Gene model identifiers for individual genes will be incorporated into the catalogue. Conversely, the locus/gene designations of the catalogue will be incorporated into the available sequenced reference genomes, along with the name of the gene product (e.g. high-molecular-weight glutenin, ω-gliadin, alcohol dehydrogenase). Cross-referencing to the genetic nomenclatures of other members of the Triticeae and beyond is encouraged.
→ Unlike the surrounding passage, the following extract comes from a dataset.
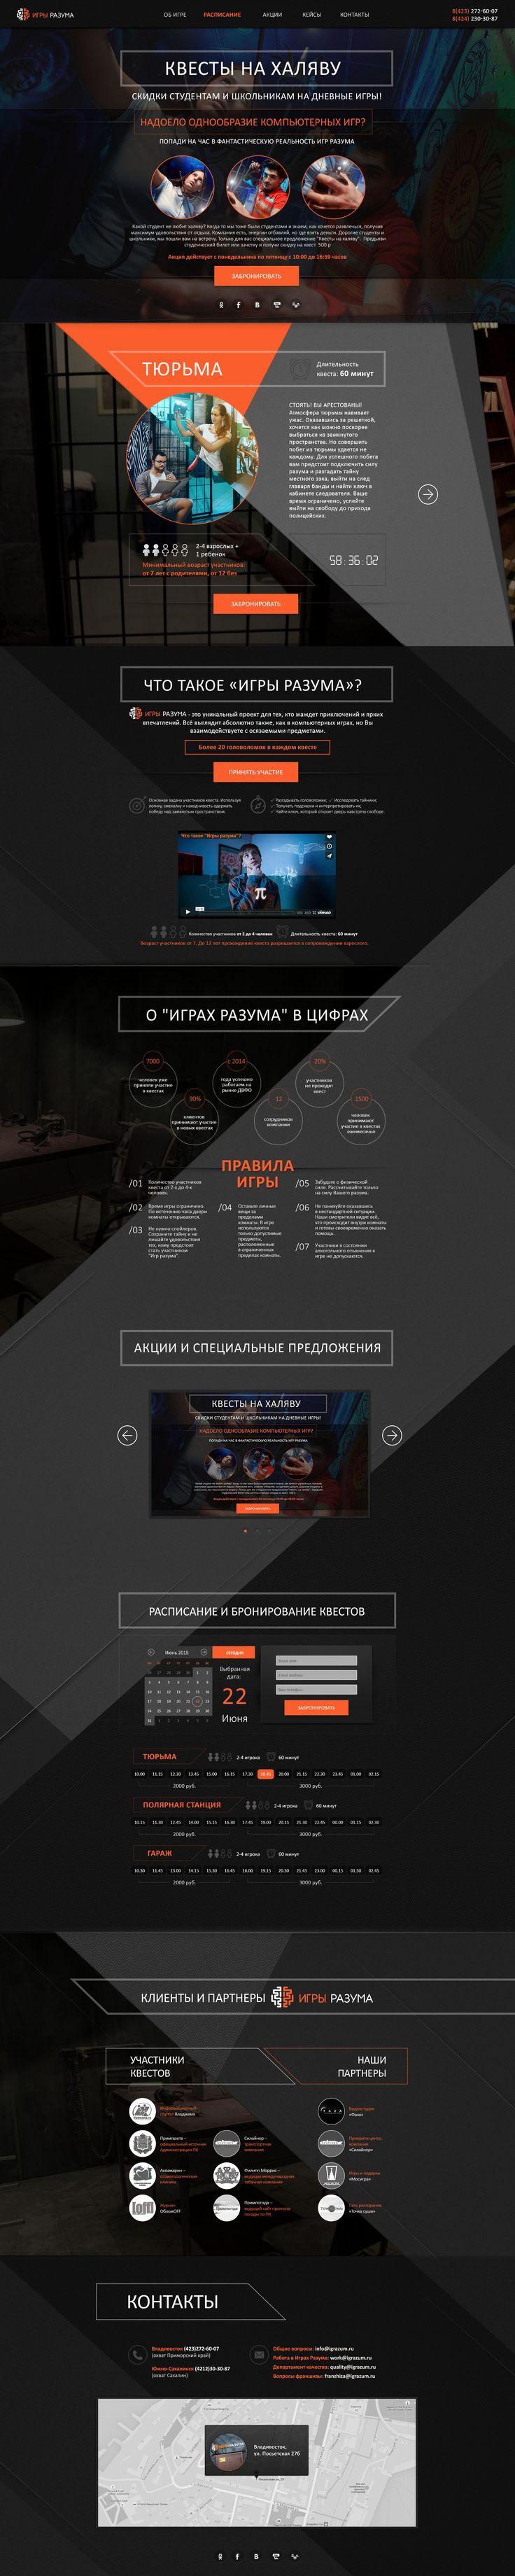 """IGRAZUM""  Quest Room  #landing, #page, #design, #web, #HTML5, #photoshop, #website"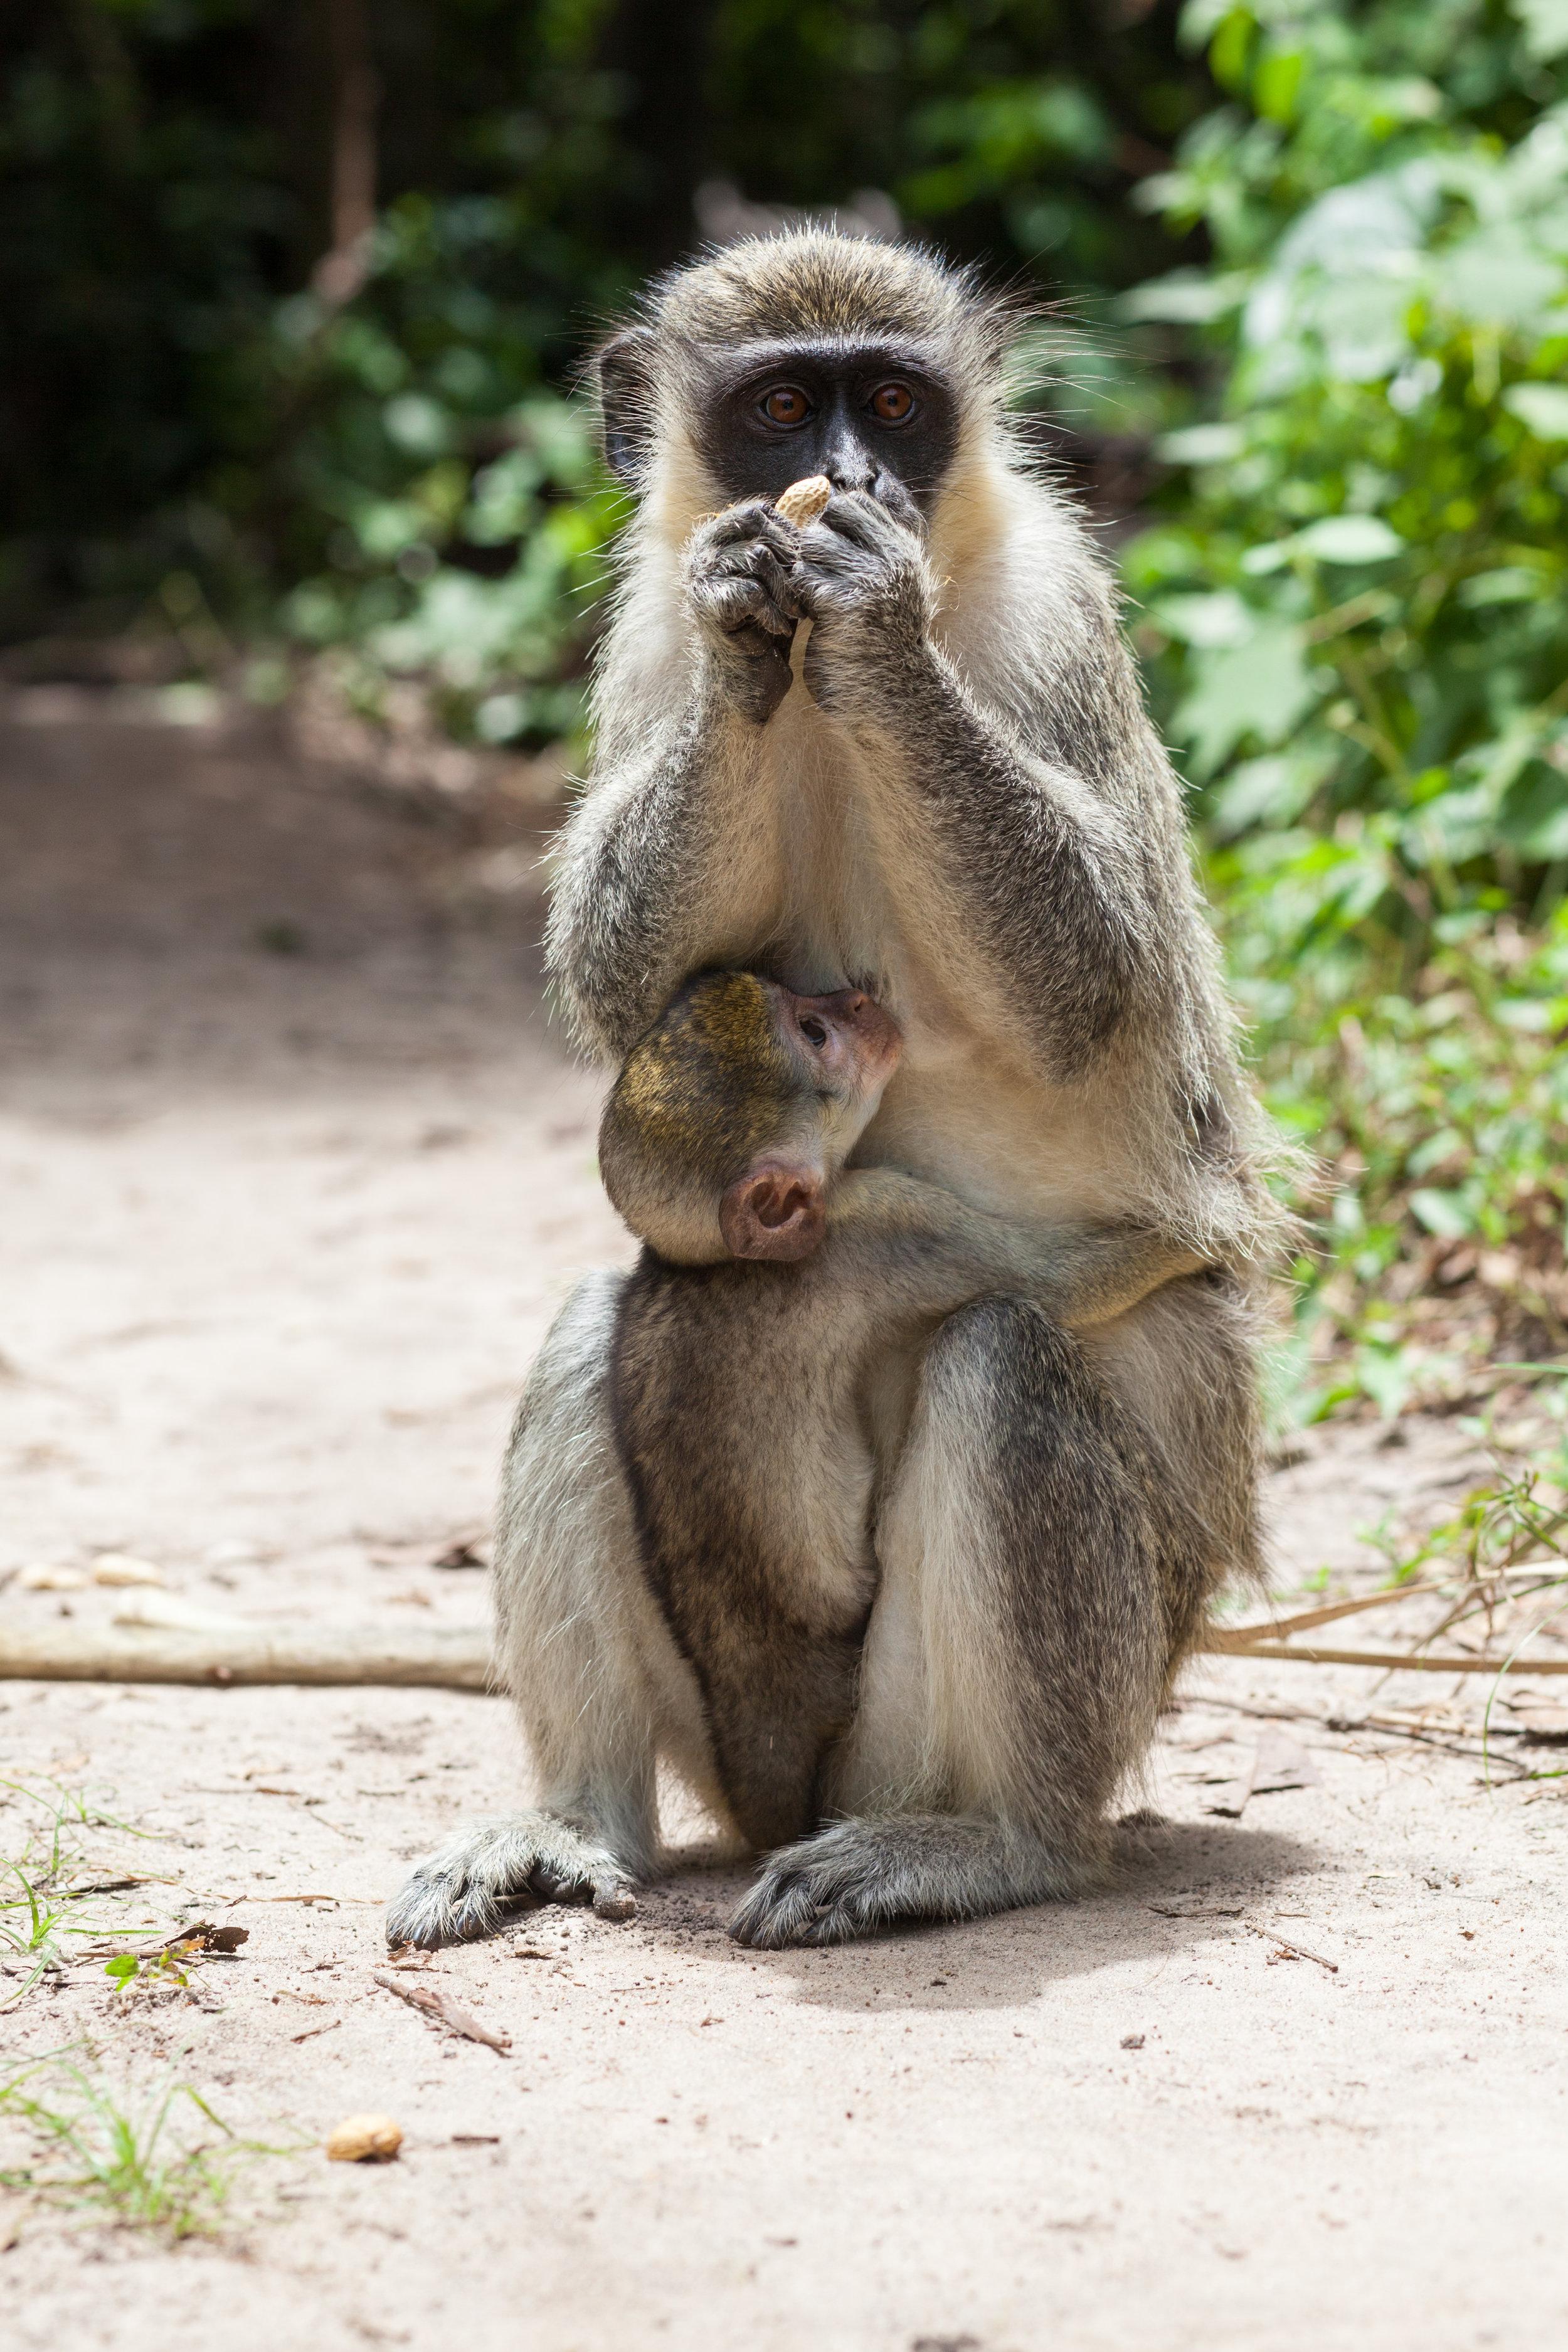 Monkey_Forest_18.jpg

A link of a named gene to a germplasm stock in an international and publicly accessible GenBank as outlined in "Germplasm" section is strongly encouraged.

Germplasm

Wheat is an important food and industrial crop as well as a model allopolyploid organism. Germplasm is a key component of the Gene Catalogue, and it is expected that the germplasm associated with any formally named gene is clearly defined and referenced to an internationally accessible germplasm collection. This collection must allow worldwide access to the germplasm within the framework of the Food and Agriculture Organization of the United Nations International Treaty on Plant Genetic Resources for Food and Agriculture. Specialists in the rusts, powdery mildew and some other wheat diseases have adopted a procedure of pre-publication approval of gene names and assurance of germplasm availability as a basis for a permanent gene name. When specific reference germplasm cannot be assured, proposers are encouraged to use temporary names.

Discussion

These guidelines provide an updated framework for consistent naming of genes and genomic regions in wheat. These guidelines are flexible and not overly prescriptive or static, providing a common reference point for the wheat community. The revised guidelines aim to accommodate historical nomenclature conventions while also adapting to new advances in genomics and biotechnology. With new genome assemblies and gene annotations, we urge researchers to adopt these common standards and to provide the necessary information on the naming of genes, alleles, haplotypes, markers, and QTL when reporting their findings. We particularly encourage colleagues who are new to wheat research to adopt these guidelines when naming genes or alleles, rather than following conventions used in other species. As new technology and biological understanding are generated, there will undoubtedly be further reviews and changes necessary when shortcomings emerge and new approaches are required. These guidelines should facilitate integration of data from independent studies, allow more efficient text and data mining approaches, and ultimately accelerate wheat research. The Wheat Gene Catalogue is currently hosted by KOMUGI (https://shigen.nig.ac.jp/wheat/komugi/genes/symbolClassList.jsp ) and at GrainGenes (https://wheat.pw.usda.gov/ggpages/awn/; Blake et al. 2019), the latter also providing ongoing curation. In time, these guidelines may also be adopted by the barley, rye, triticale, and oat research communities, for which similar advances are being made in deciphering their genome sequences; a common set of guidelines would help transfer knowledge between these cereals, which share close phylogenetic relationships and share common breeding targets. We hope these guidelines provide an informative reference for researchers during this exciting era of wheat science, in which we believe important advances will continue to be made in our understanding of genes that control agronomically important traits.